Question
Introduction The purpose of this laboratory is to practice the idea of register-transfer level design using Verilog and FPGA. Most of the code will be
Introduction
The purpose of this laboratory is to practice the idea of register-transfer level design using Verilog and FPGA. Most of the code will be written using behavioral modeling. From this lab, you will see that whatever software can be implemented using hardware, if you need to accelerate the computing speed.
The Algorithm
A very simple algorithm to compute the square root of a number is shown below. To simplify the problem, we assume that the number is a perfect square (e.g., 4, 9, 16, 25, .). There are three registers Rn, Rdelta, and Rdata in the data path to store the data. For example, to compute the square root of 25, 25 will be loaded into register Rdata from input port num. Rn is initialized to 1 and Rdelta is initialized to 3 as shown in iteration 1.
Iteration Rn Rdelta Rdata
1 1 3 25
2 4 5 25
3 9 7 25
4 16 9 25
5 25 11 25
Since Rn (i.e., 1) is not equal to 25, in the next iteration (iteration 2), we have Rn = Rn + Rdelata and then Rdelta = Rdelta+2 as shown in the table above. The process is repeated until Rn is equal to Rdata in iteration 5. From the above table, you can see that Rn keeps getting the next square number and Rdelata keeps being added by 2. The algorithm is so simple and so beautiful, right?
The next thing is how to get the sqrt out of the above table. Amazingly, it can be easily obtained by taking the quotient of Rdelta/2. In this case, 11/2 has quotient equal 5. But, how to do division?
It would be very bad to synthesize a multiplier or divider since each of them uses lots of hardware. A very simple way is to right-shift Rdelta one bit. In this example, Rdelta = 4b1011 (that is 11 in decimal). By right-shifting one bit on Rdelta, we have Rdelta = 4b101 that is 5 in decimal. Again, it is so beautiful. But, how to do right-shifting one bit using Verilog? This can be found in Chapter 8 of the textbook and it is Rdelta >>> 1.
The Data Path
The data path is the machine that is really doing the entire data computation. The module head is given below to help you start. The right way to design the data path is: (1) based on the algorithm, design the block diagram which contains adders, comparators, registers, , and the connections; (2) identify the control signals (e.g., load_data, incr_delta, find_next_sq) whose activations enable the data path to compute; (3) identify flag signals (e.g., finish) to tell the controller what is happening in the data path.

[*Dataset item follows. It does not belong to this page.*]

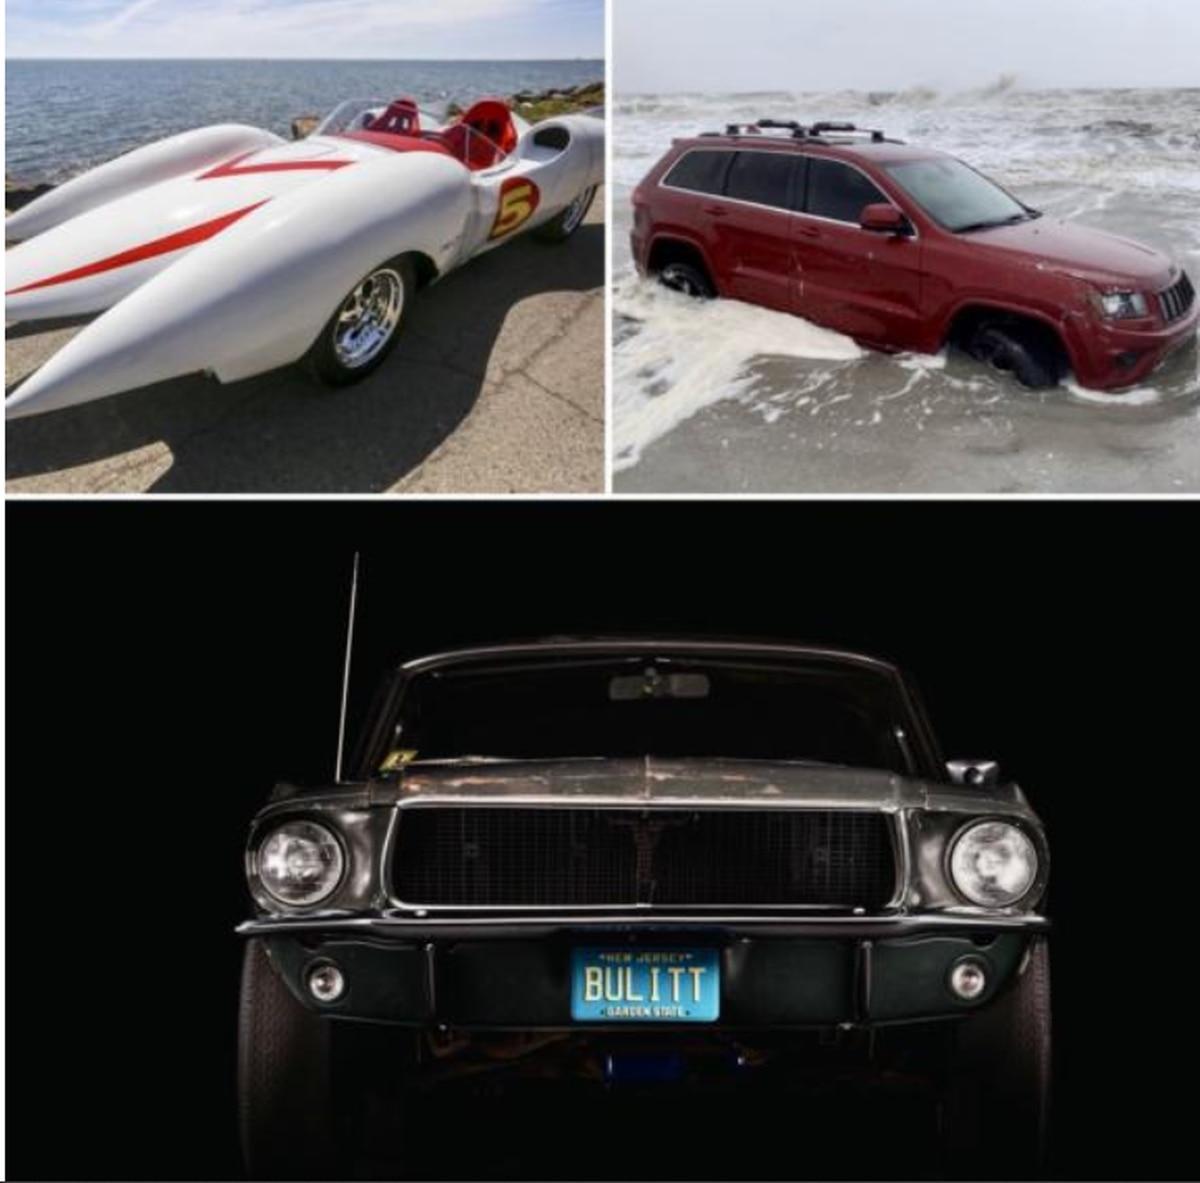 Food Lion Auto Fair 2020.Bullitt Mustang And Hurricane Dorian Jeep Headline Star

module sqrt_data_path (num, load_data, incr_delta, find_next_sq, clk, finish, result
);
input load_data, incr_delta, find_next_sq, clk;
input [6:0] num;
output reg finish;
output [3:0] result;
We have 8 switches on the FPGA board, so we use 7 switches to input the square number (called num above). The one switch left is used to clear (reset) the registers. So, the largest square number that can be represented in this data representation is 121 and the sqrt is 11.
Control signal load_data is used to load the square number from switches to register Rdata. Control signal incr_delta is used to increment Rdelta by 2. Control signal find_next_sq is used to load the new square number (by adding Rdelta and Rn) into Rn. These three control signals are generated by the controller. Do we need to implement a clear signal to reset all registers in the data path? The answer is NO, because the registers will be initialized data in iteration 1.
Flag signal finish is use to tell the controller (from data path) that the computation is finished and the entire process must be stopped. Output result, which outputs the sqrt computed, will be presented to a bin2bcd module for the purpose of converting the binary result to bcd digits. The bcd digits finally will be displayed by seven-segment displays.
The controller
The controller is used to generate control signals for the data path, and also control the entire process based on the flag signals from the data path and the signals from the user. The module head of an implementation of the controller is given below.
module sqrt_controller (start, finish, clk, clear, ready, load_data,
incr_delta, find_next_sq
);
input start, finish, clk, clear;
output reg ready, load_data,incr_delta, find_next_sq;
parameter S0=0, S1=1, S2=2, S3=3;
reg [1:0] state, next_state;
Here, the start signal is implement by a push-button to start the sqrt computation process. Signal clear implemented by a switch is used to reset all registers. Signal ready is used to let the user know that the sqrt generator is ready for use. All other signals have been discussed in Section 3.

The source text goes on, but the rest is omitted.